Do you require that each of the previously recieved values are
considered equally in the average calculation? If you can assume that
the current samples are more important than those recieved a long time
ago then you can calculate an "average" via an exponentially weighted
moving average filter. Or in other words, us a 1st-order LPF.

 a_k = (1/(n+1))*s_k + (n/(n+1))*a_k-1

where:
 s_k   = sample input at instant k,
 n     = number of samples in moving-average window,
 a_k   = average at instant k, and
 a_k-1 = average at instant k-1

As you can see this is quite easy to implement, requiring to
multiplies, one addition, and one register for a_k-1 storage. If you
choose n+1 do be a power of two then one of the multiplications (or I
guess it is a divide) becomes a simple shift operation.

-Jack Stone

Initializing the whole mess must also be considered. While the starting sum
can be zero, all the values in memory must be preset to zero and the
comparison to a threshold must be declared invalid until 'n' new values have
been accumulated.

-- 
Greg
readgc.invalid@hotmail.com.invalid
(Remove the '.invalid' twice to send Email)


"Christos" <chris_saturnNOSPAM@hotmail.com> wrote in message
news:bil9f7$4o2$1@sunnews.cern.ch...
> Hi to all,
>
>
>
> The sum or average of a certain number of samples (for ex. the last 100
> values received) have to be checked constantly against a threshold.
>
>
>
> I thought of implementing this by keeping a "Moving Sum" which will work
by
> adding the new value and subtracting the oldest. I think that can be
> implemented by adding to a register the value just arriving and
subtracting
> the value coming out of an 100 word deep shift register.
>
>
>
> Now, if a longer sum has to be checked then there is a memory problem
> because a lot of values have to be stored. In addition more than one
"Moving
> Sums" is needed so if I use the above implementation I will have in
addition
> to store the same data more than once (for ex. the 1000 word Shift
Register
> will include the 100 word S.R. data).
>
>
>
> Any idea of how this could be implemented?
>
>
>
> The final system will have to keep 10 moving sums with the largest being
> 250,000 (8-bit) values for each of the 16 independent input channels.
>
>
>
> Help to the design problem will be appreciated and acknowledged.
>
>
> Christos
>
> __________________________________________________
>
> Christos Zamantzas
> CERN, European Organization for Nuclear Research
> Div. AB/BDI/BL                         tel: +41 22 767 3409
> CH-1211 Geneva 23                  fax: +41 22 767 9560
> Switzerland                                 christos.zamantzas@cern.ch
> __________________________________________________
>
>

"Nicholas C. Weaver" <nweaver@ribbit.CS.Berkeley.EDU> wrote in message
>
> Can you cheat?  That is, instead of having a 250,000 deep moving sum,
> have it be 250,000 deep but only at intervals of every 1000 samples?
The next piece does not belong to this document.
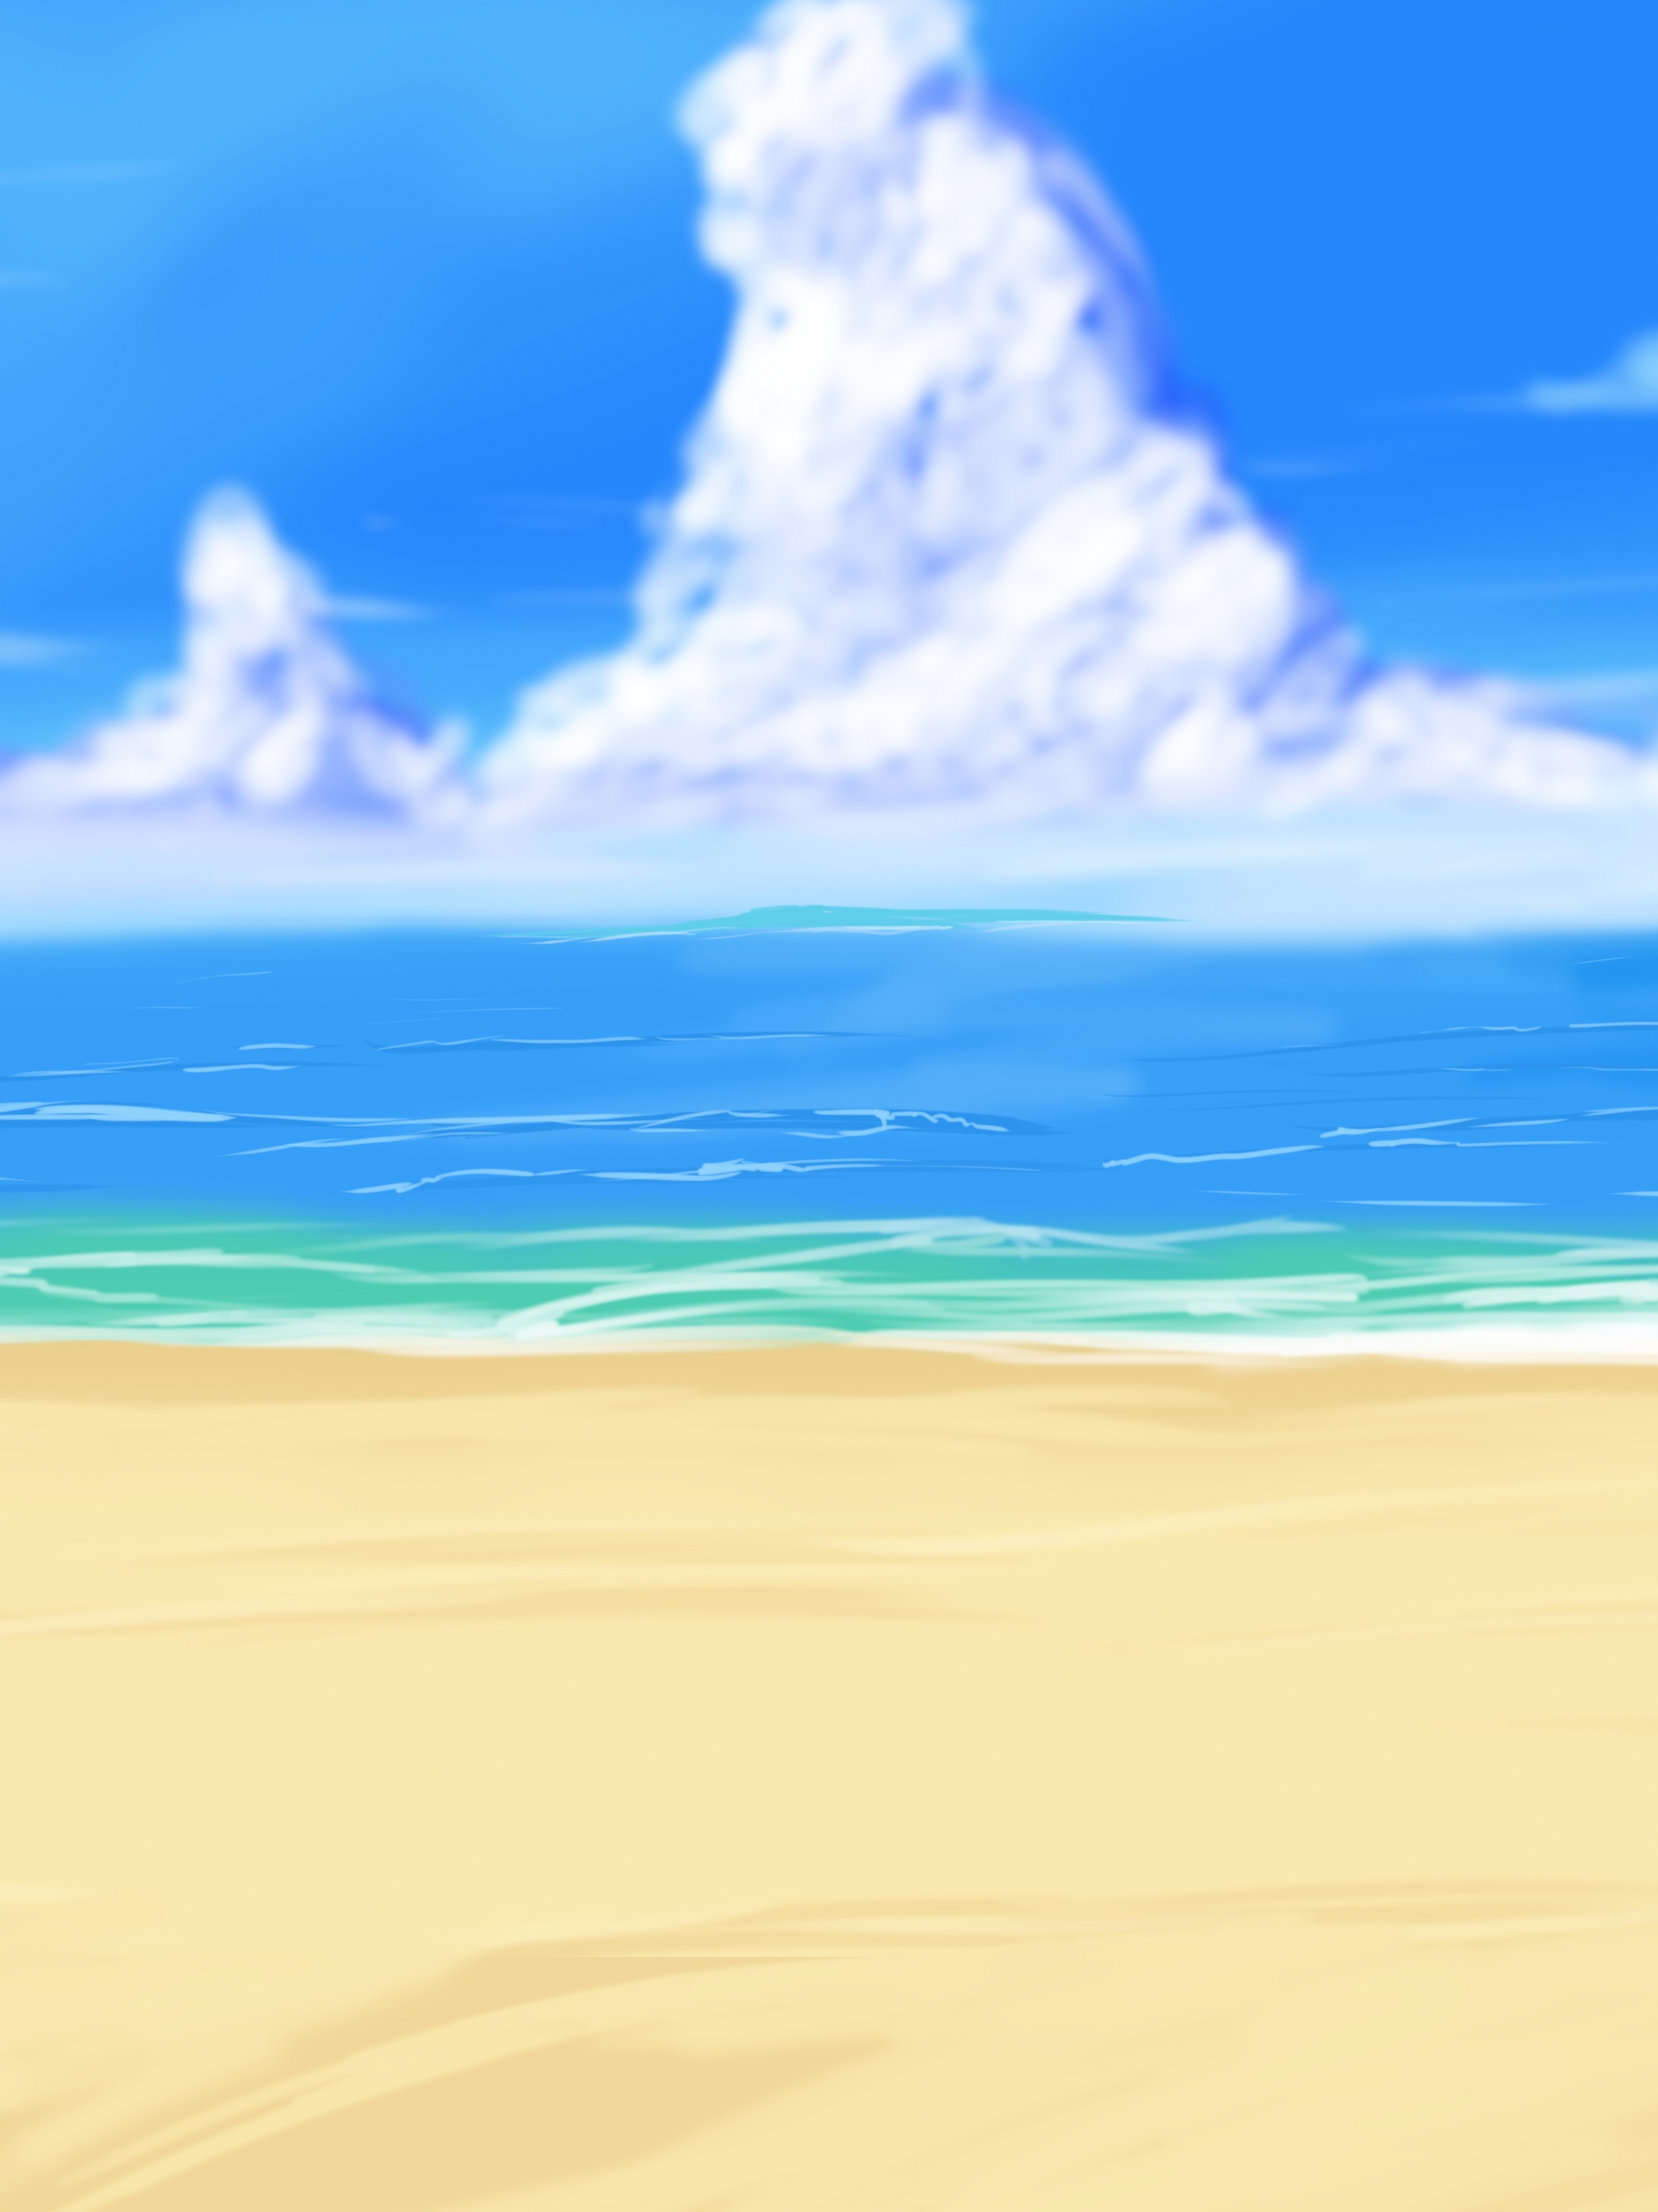 🔥 Free Download Free Download Big Anime Style Beach Background By Wbd
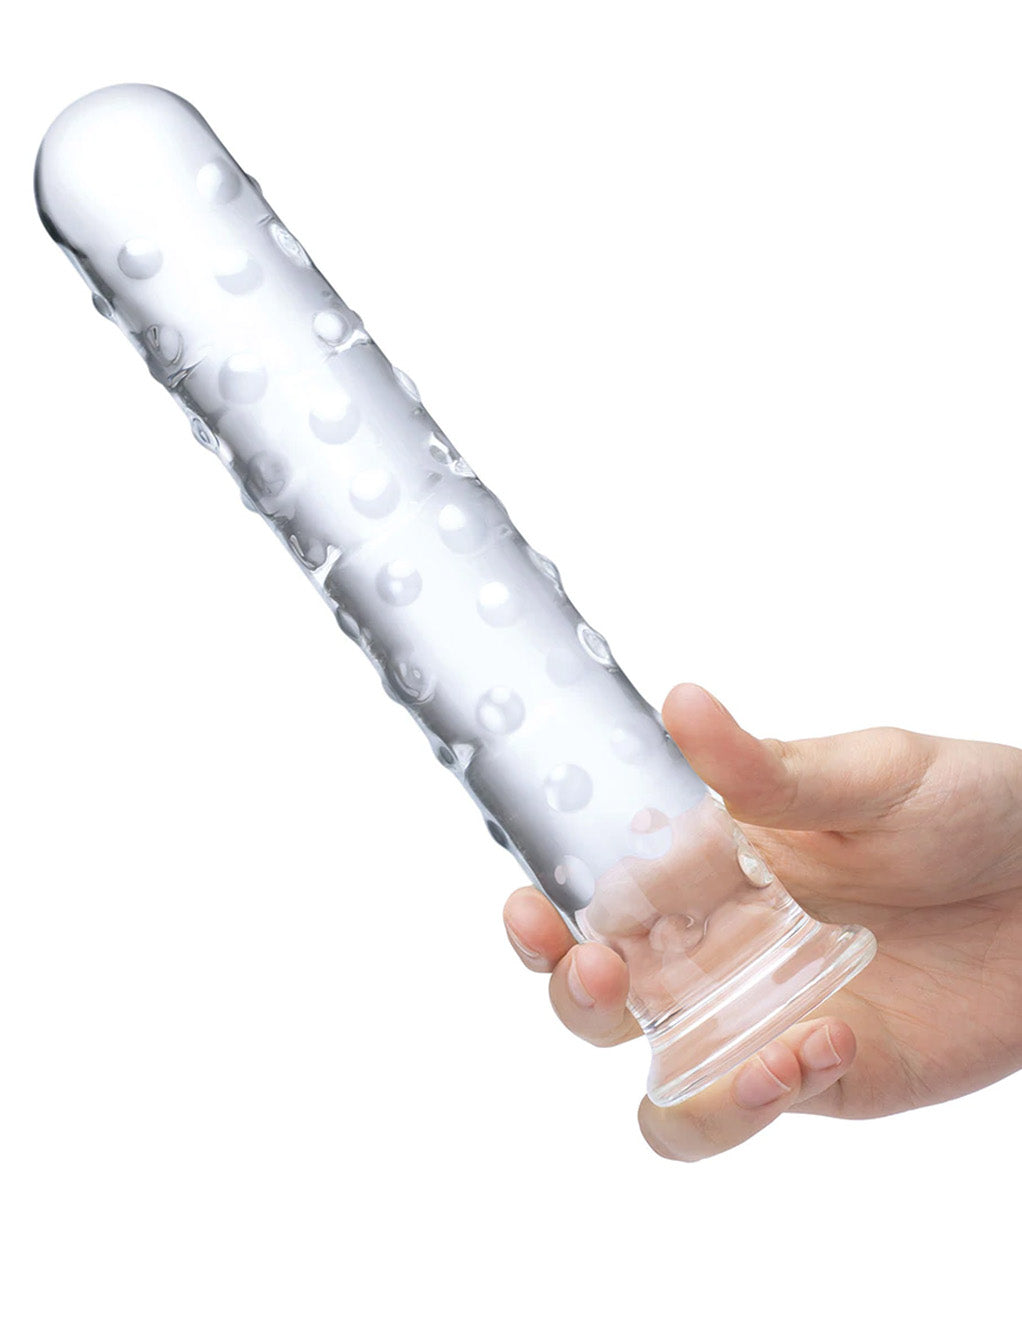 ahmed el tobgy recommends 12 Inch Glass Dildo

I have thought also of this but the idea was rejected as it increases the
total system error.
In order to make an interval you have to wait to receive all of its samples
before you add the interval to the sum. Thus, you update the sum slower
which increases the system error.

For a similar reason it is not possible to use a Low-Pass Filter. I guess to
have an average of the 250,000 values you need as many taps.

>
> The other option is once you have to go off-chip for memory for the
> FIFO's, the size doesn't matter much because you can easily just throw
> ~1GB of DRAM on the other side.

A sync. SRAM (probably 2Mx36b) will be available to the board. I have been
calculating and I think that it is enough.

----------------------------------------------------------------------------
---

"Ray Andraka" <ray@andraka.com> wrote in message
news:3F4E55BB.FC8A993A@andraka.com...
> Look for "CIC filter".  CIC is a Cascaded integrator Comb filter.  It is a
> recursive implementation of a moving sum.

I have never heard of the CIC filter I will investigate.

> For the depth you are looking at, you'll need to use off chip memory
> for the storage (you might fit it into the bulk storage on an Altera
Stratix).
> You did not mention the sample rate.  If the data rate is sufficiently
low, you
> can time multiplex the data in/out of the external memory so that you can
trade
> memory width for depth, which might get you a lower parts count.

The FPGA will be a Stratix, the sample rate is slow enough: 25 KHz
(acquisition every 40us) and external SRAM. The data are already received
multiplexed, but I don't get why it is better storing with larger width than
depth. Probably because I have no idea how to implement the Sratix - SRAM
communication.
Any Ap.Note or book?

Thanks a lot to all,
Christos

[exponential weighted averaging]

> a_k = (1/(n+1))*s_k + (n/(n+1))*a_k-1

>As you can see this is quite easy to implement, requiring to
>multiplies, one addition, and one register for a_k-1 storage. If you
>choose n+1 do be a power of two then one of the multiplications (or I
>guess it is a divide) becomes a simple shift operation.

The other multiply/divide turns into a shift and subtract.

-- 
The suespammers.org mail server is located in California.  So are all my
other mailboxes.  Please do not send unsolicited bulk e-mail or unsolicited
commercial e-mail to my suespammers.org address or any of my other addresses.
These are my opinions, not necessarily my employer's.  I hate spam.

The exponential weighted averaging cannot be used because all data into the
window have to be treated equally as all have the same importance.
If using a LPF and n is the number of samples in the window then if you want
to have an average of the last 100 values received then your filter has to
be 100 tap long.
Correct? I am asking just in case I have not understood fully how  digital
filters are implemented. The truth is that I have never done it, just read
about it.

Christos



"Hal Murray" <hmurray@suespammers.org> wrote in message
news:vl1tm7725v2310@corp.supernews.com...
> [exponential weighted averaging]
>
> > a_k = (1/(n+1))*s_k + (n/(n+1))*a_k-1
>
> >As you can see this is quite easy to implement, requiring to
> >multiplies, one addition, and one register for a_k-1 storage. If you
> >choose n+1 do be a power of two then one of the multiplications (or I
> >guess it is a divide) becomes a simple shift operation.
>
> The other multiply/divide turns into a shift and subtract.
>
> -- 
> The suespammers.org mail server is located in California.  So are all my
> other mailboxes.  Please do not send unsolicited bulk e-mail or
unsolicited
> commercial e-mail to my suespammers.org address or any of my other
addresses.
> These are my opinions, not necessarily my employer's.  I hate spam.
>